WHAT THIS TASK INVOLVES: Please return the listing below word for word, minus its pictures.

═══ INFORMATION SHOWN

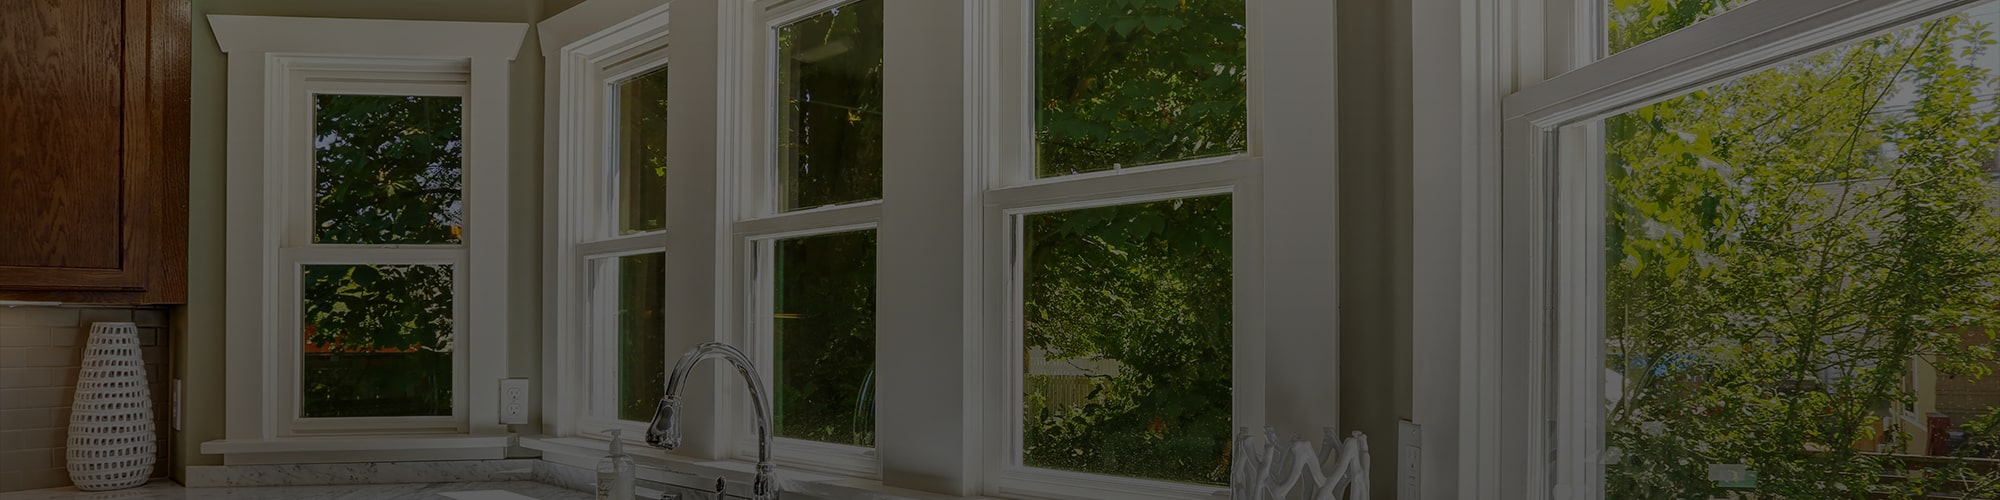 Get financing for your next window project through Premier 
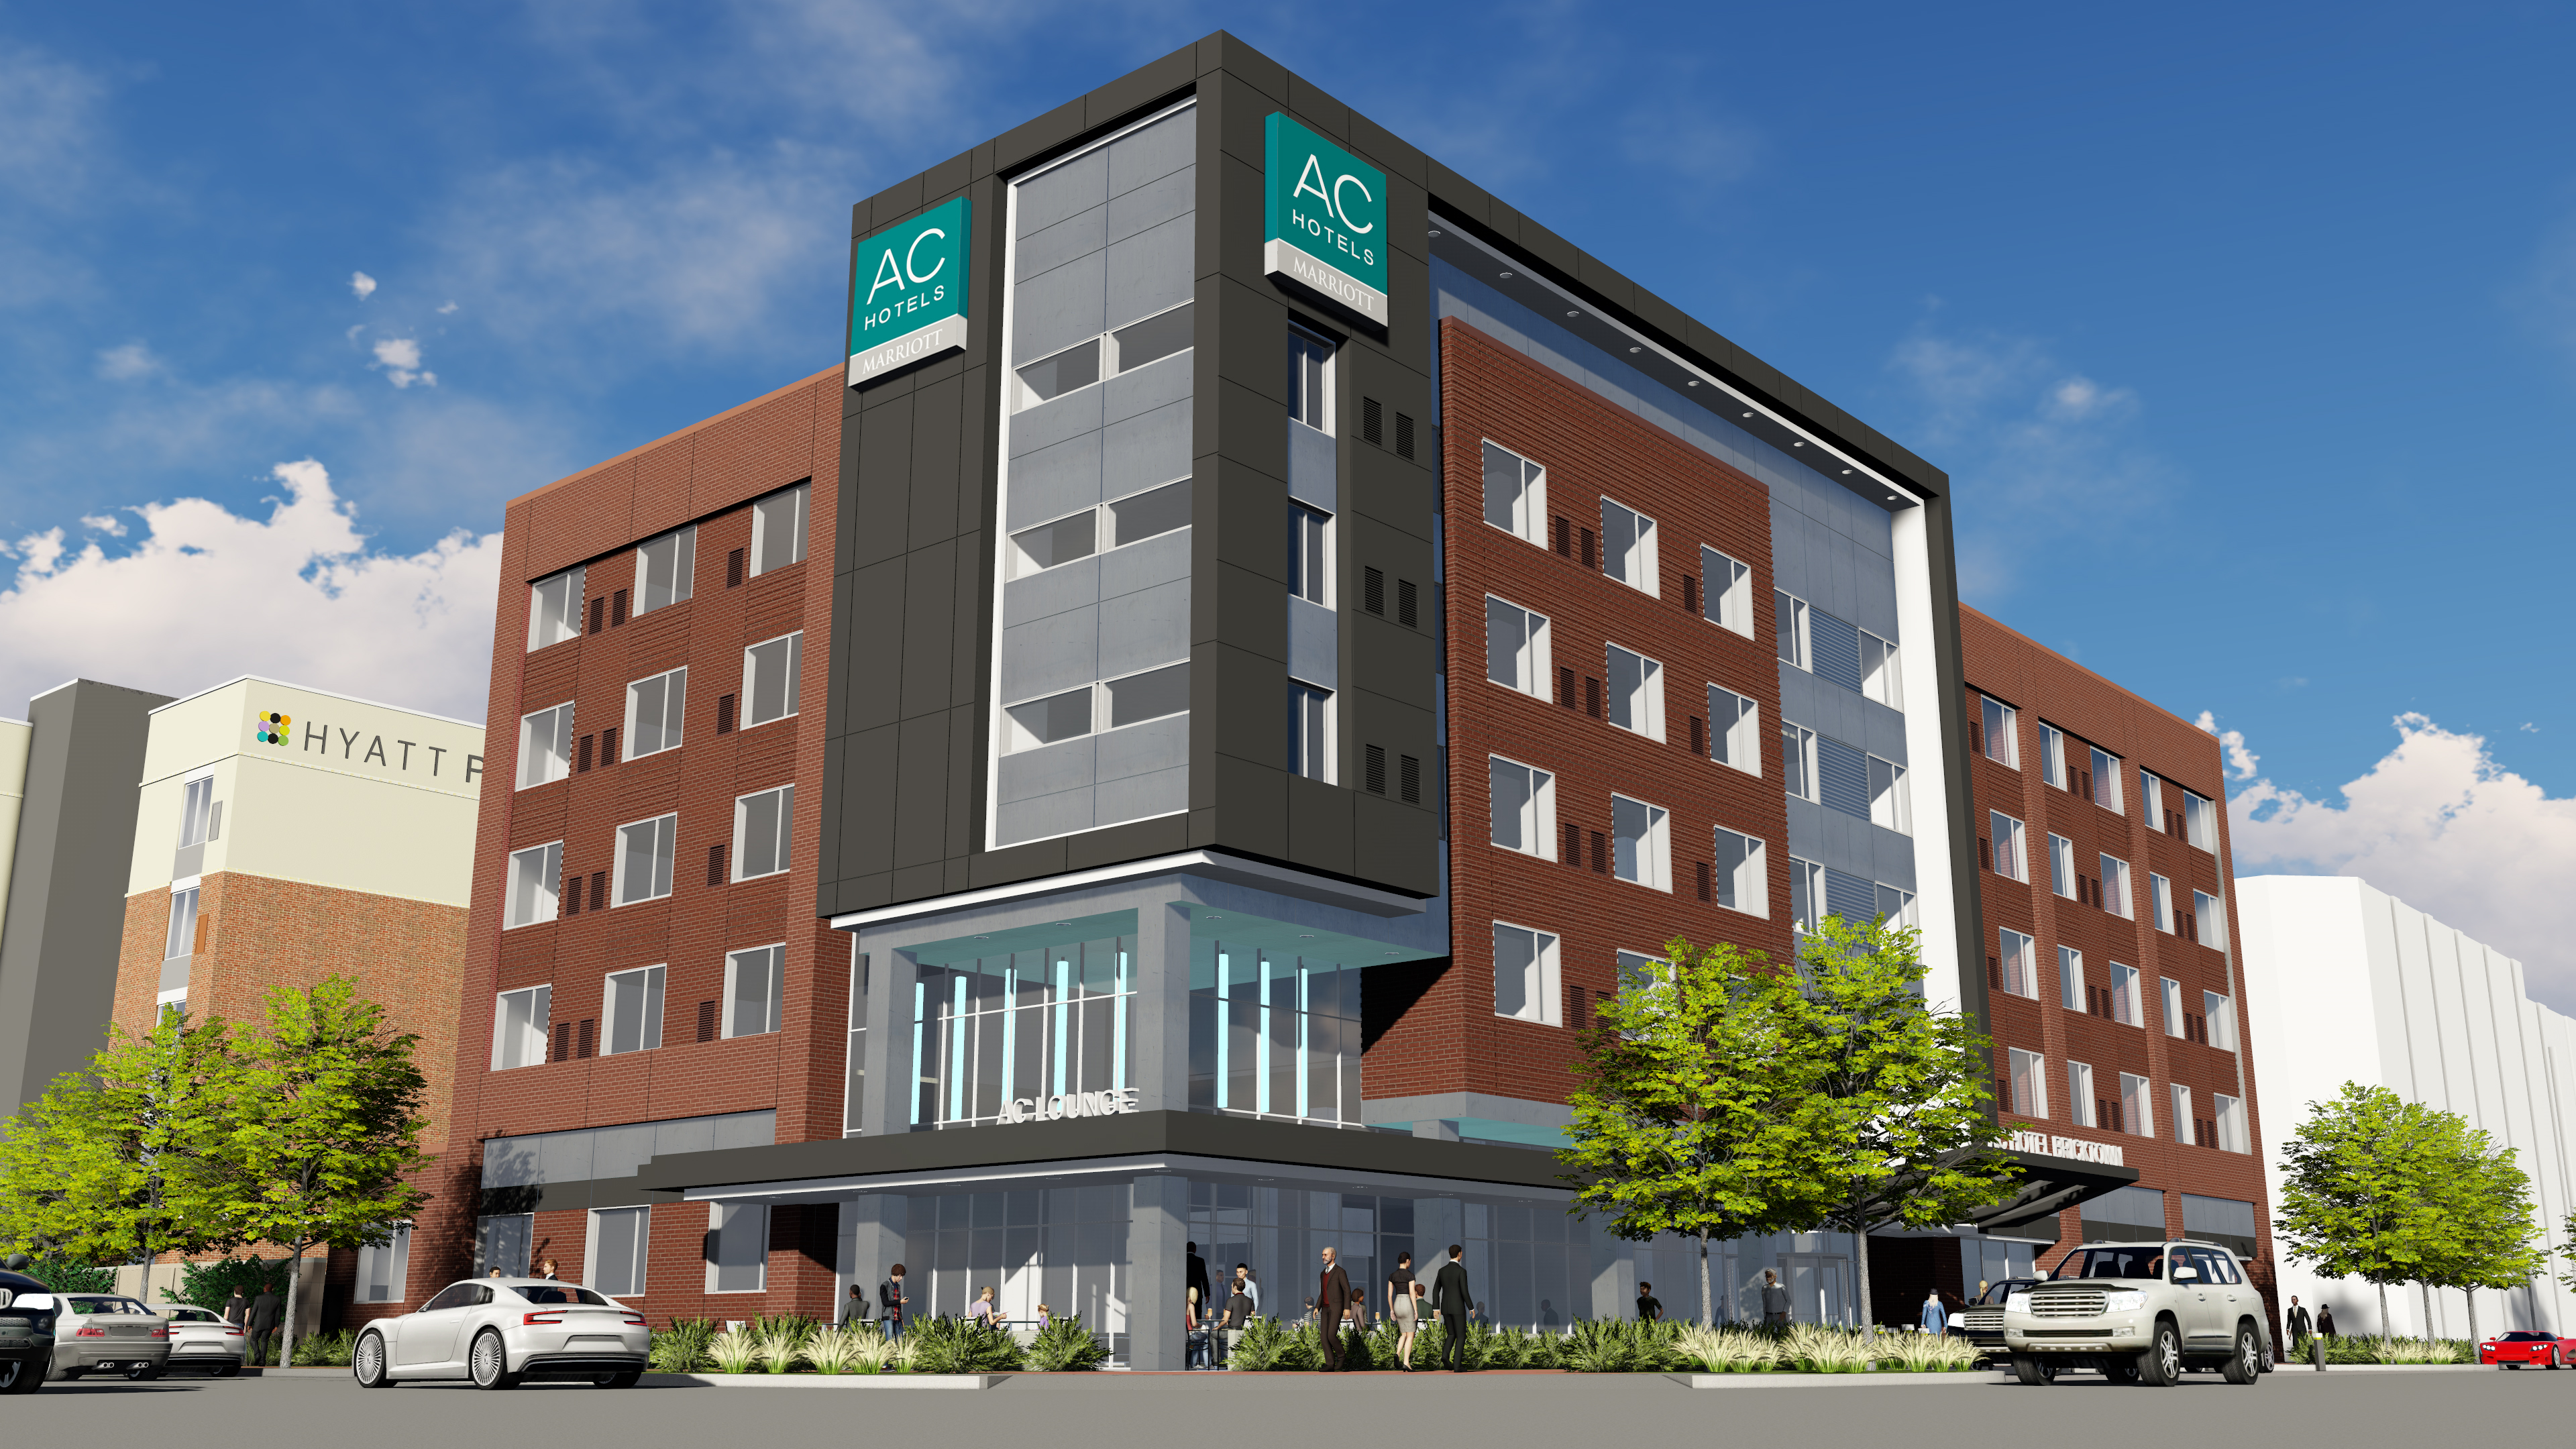 Rendering of the first Oklahoma City hotel project to use modular construction, dramatically reducing build time to meet increasing hotel room demand.
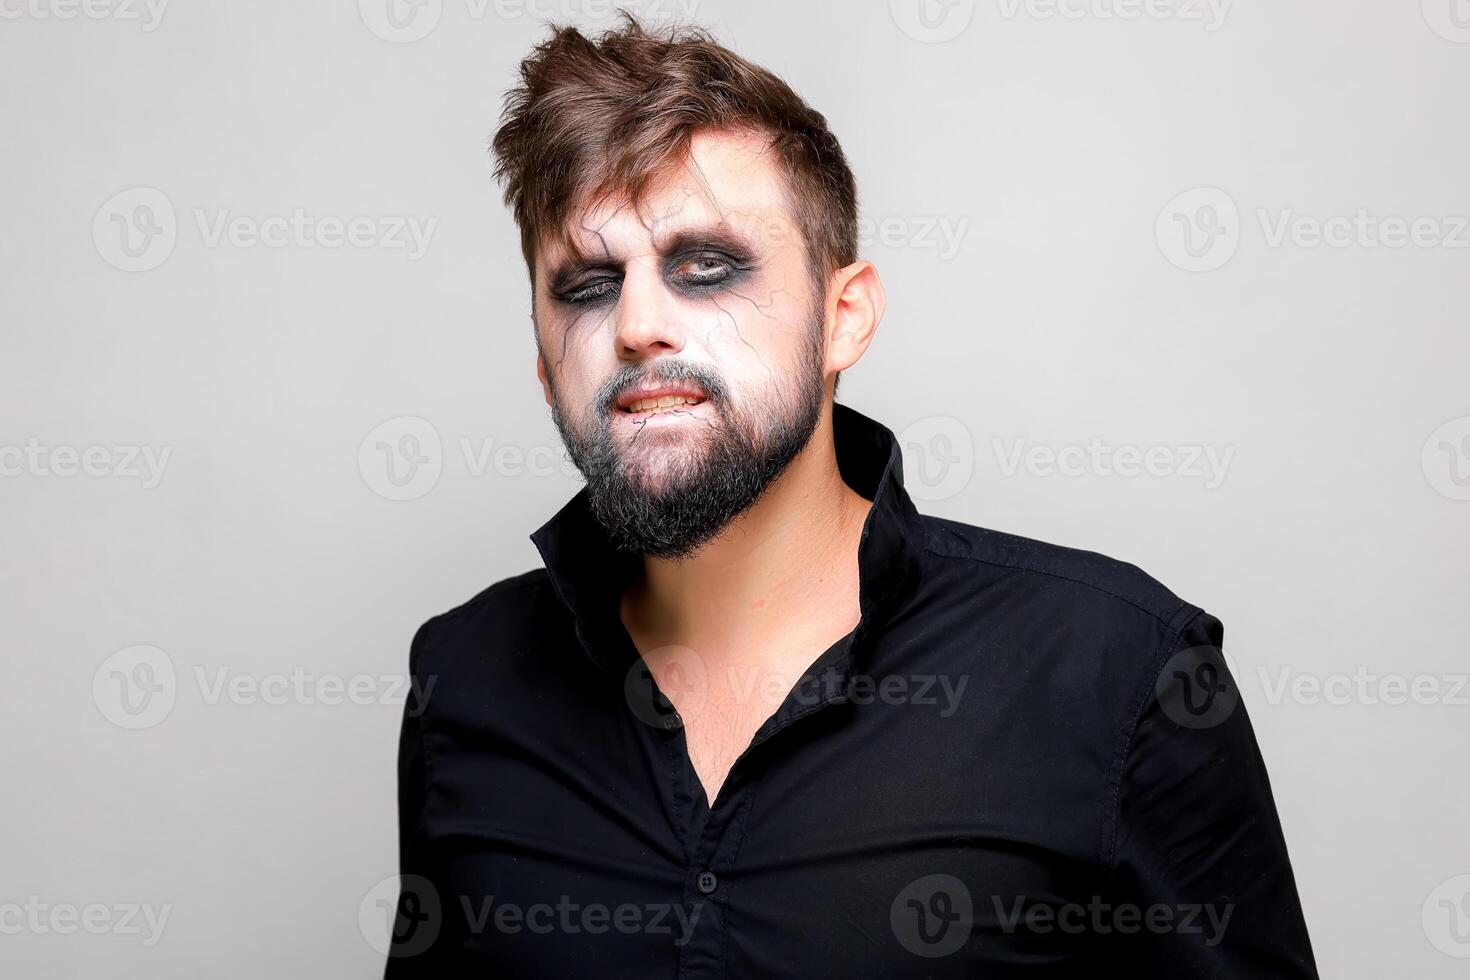 undead makeup for October 31 on a bearded man who shows teeth photo

══════

YOUR RESPONSE:
 Get financing for your next window project through Premier 
 Rendering of the first Oklahoma City hotel project to use modular construction, dramatically reducing build time to meet increasing hotel room demand.
 undead makeup for October 31 on a bearded man who shows teeth photo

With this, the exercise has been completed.